Download trained model and metrics to use in local dashboard.

In [None]:
from google.colab import files
import shutil
import json

print("📦 Preparing files for download...")

# Create download package
download_dir = f"colab_results_{session.run.name}"
os.makedirs(download_dir, exist_ok=True)

# Copy checkpoint
checkpoint_path = session.checkpoint_dir / "final.pt"
if checkpoint_path.exists():
    shutil.copy(checkpoint_path, f"{download_dir}/model.pt")
    print(f"   ✅ Checkpoint copied: model.pt")

# Copy metrics
if session.metrics_file.exists():
    shutil.copy(session.metrics_file, f"{download_dir}/metrics.json")
    print(f"   ✅ Metrics copied: metrics.json")

# Copy config
config_snapshot = session.run_dir / "config.yaml"
if config_snapshot.exists():
    shutil.copy(config_snapshot, f"{download_dir}/config.yaml")
    print(f"   ✅ Config copied: config.yaml")

# Create summary
summary = {
    'run_name': session.run.name,
    'config': selected_config,
    'episodes': session.total_episodes,
    'training_time_minutes': elapsed / 60,
    'final_reward': session.metrics['episode_rewards'][-1],
    'mean_reward': float(np.mean(session.metrics['episode_rewards'])),
    'mean_lives_lost': float(np.mean(session.metrics['lives_lost'])),
}
with open(f"{download_dir}/summary.json", 'w') as f:
    json.dump(summary, f, indent=2)
print(f"   ✅ Summary created: summary.json")

# Create zip file
print("\n🗜️  Creating zip archive...")
shutil.make_archive(download_dir, 'zip', download_dir)
zip_file = f"{download_dir}.zip"

print(f"\n✅ Package ready: {zip_file}")
print(f"   Size: {os.path.getsize(zip_file) / 1e6:.1f} MB")

# Download
print("\n📥 Downloading...")
files.download(zip_file)

print("\n✅ Download complete!")
print("\n📋 Next Steps:")
print("   1. Extract the zip file locally")
print("   2. Copy model.pt to your runs directory")
print("   3. Open dashboard → Evaluation → Load model.pt")
print("   4. Run evaluation and compare with other models")

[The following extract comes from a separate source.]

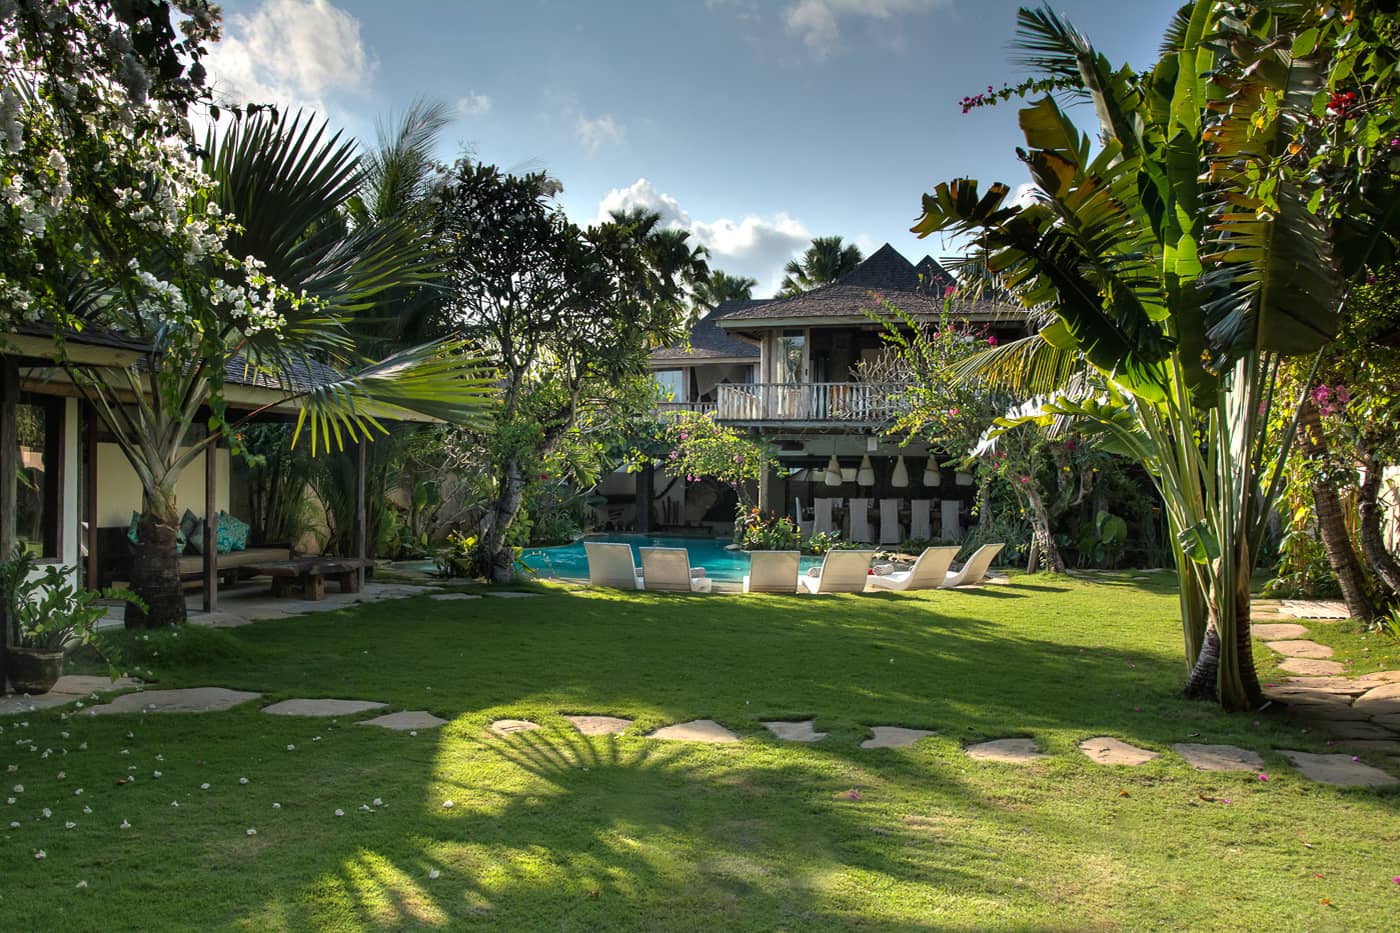 Villa Phinisi photos in Seminyak Bali

## 🔄 Batch Training (Optional)

Train multiple configurations in sequence.

In [None]:
# OPTIONAL: Train multiple configs
# Uncomment and modify as needed

# configs_to_train = [
#     'config/experiments/quick_test.yaml',
#     'config/experiments/reward_tuning.yaml',
# ]

# for config_path in configs_to_train:
#     print(f"\n{'='*60}")
#     print(f"Training: {config_path}")
#     print(f"{'='*60}\n")
#     
#     session = TrainingSession(config_path)
#     session.add_callback(progress_callback)
#     session.train()
#     
#     print(f"✅ Completed: {session.run.name}")
#     print(f"   Final reward: {session.metrics['episode_rewards'][-1]:.2f}")

print("Batch training cell (commented out by default)")